Tony Robalik

Posted on Nov 24

Is the Java ecosystem cursed? A dependency analysis perspective

#gradle #java #kotlin

I am the author of the moderately popular (⭐ 2k) Dependency Analysis Gradle Plugin, a static analysis tool that helps Gradle build authors maintain a healthy dependency graph. I also maintain some of the largest Gradle repos on the planet: a Kotlin backend repo with over 2500 subprojects, and an Android repo with more than 7200 subprojects (both proprietary). I have… seen some shit.

Note: I refer to both the cases above as being part of the "Java ecosystem," though both use Kotlin as the preferred language, and one runs on the JVM while the other runs on ART (the Android runtime) on mobile devices.

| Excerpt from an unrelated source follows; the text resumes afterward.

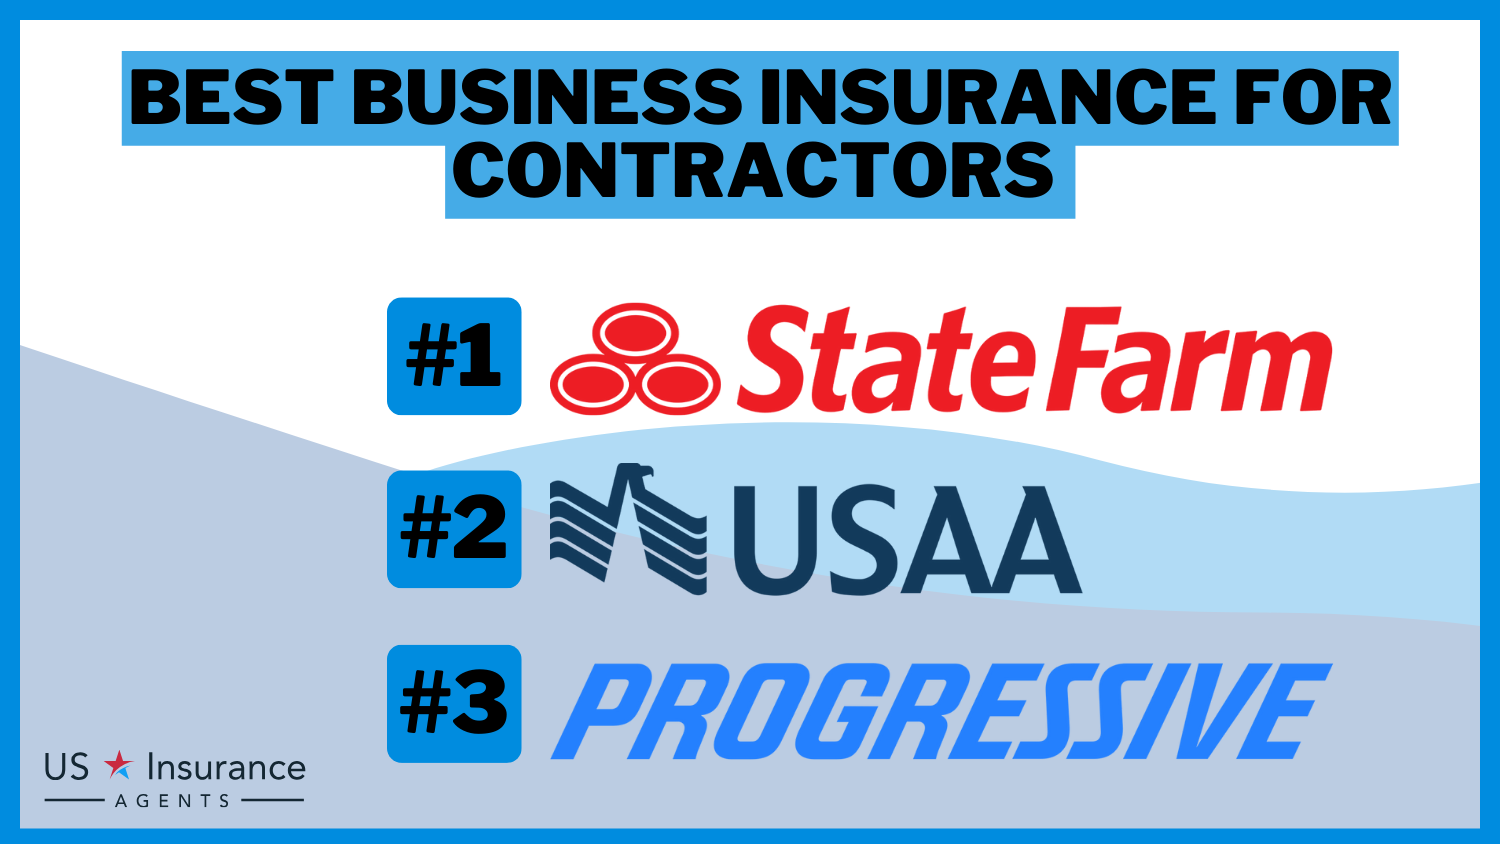 Best Business Insurance for Contractors: StateFarm, USAA and Progressive
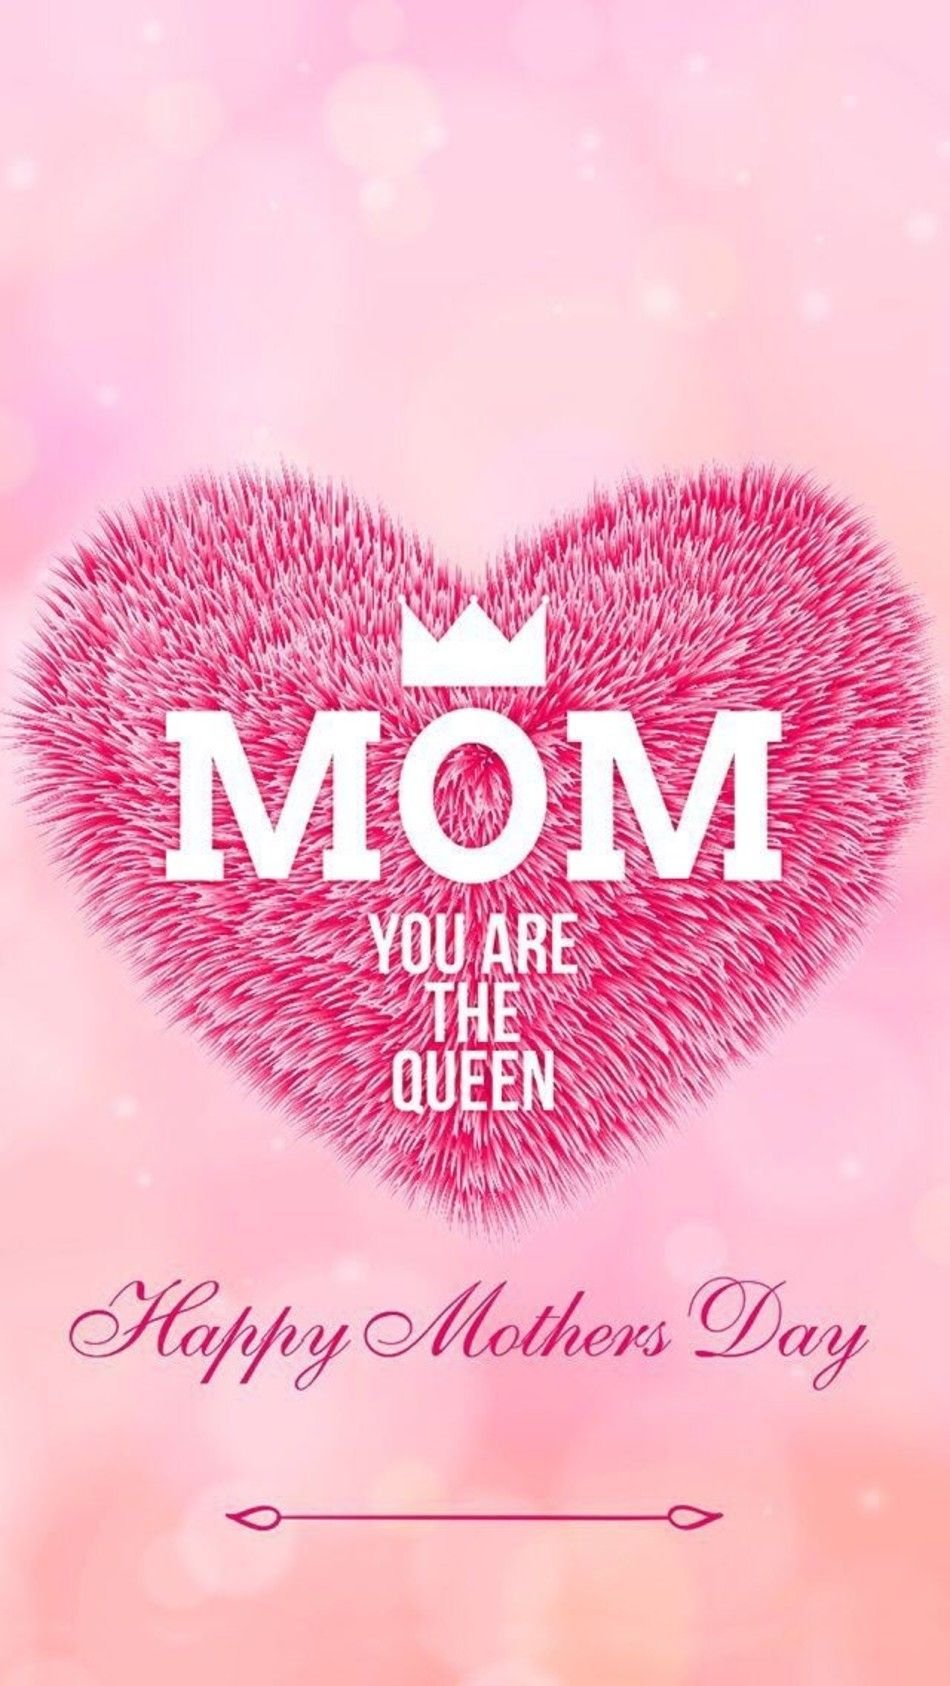 Vector Illustration Happy Mothers Day Wallpaper Stock Vector Royalty Free  76122919  Shutterstock

I come to you with a simple proposition: I believe the Java ecosystem is cursed. Hear me out.

We are cursed with…

Lying metadata, overuse of "fat" jars with underuse of package relocation, split packages, undocumented usage of reflection to access upstream dependencies, usage of terms like "upstream" that have different meanings in different contexts, misuse of protobuffers, different compilers with different notions of their obligations vis-a-vis the Java class file format…

Lying metadata

This was already covered in-depth in This is why we can't have nice things: When POM files lie, but the summary is: sometimes dependencies have hand-written metadata, which is certainly A Choice given that build tools exist. I suppose it's harder to teach a build tool to lie.

It's just a list, man

Despite the bewildering complexity of dependency resolution engines in tools like Gradle and Maven, at the end of the day a classpath is just a list of class files (and jars that package class files). When your running program "sees" a class or interface for the first time, it has to load it. It does this with a ClassLoader. The classloader searches the classpath (just a list of class files!)¹ and picks the first class file that matches the class it just encountered. Importantly, your classpath may have more than one class file for that class. Even well-behaved builds may have this problem, for a variety of reasons, some of which are noted below.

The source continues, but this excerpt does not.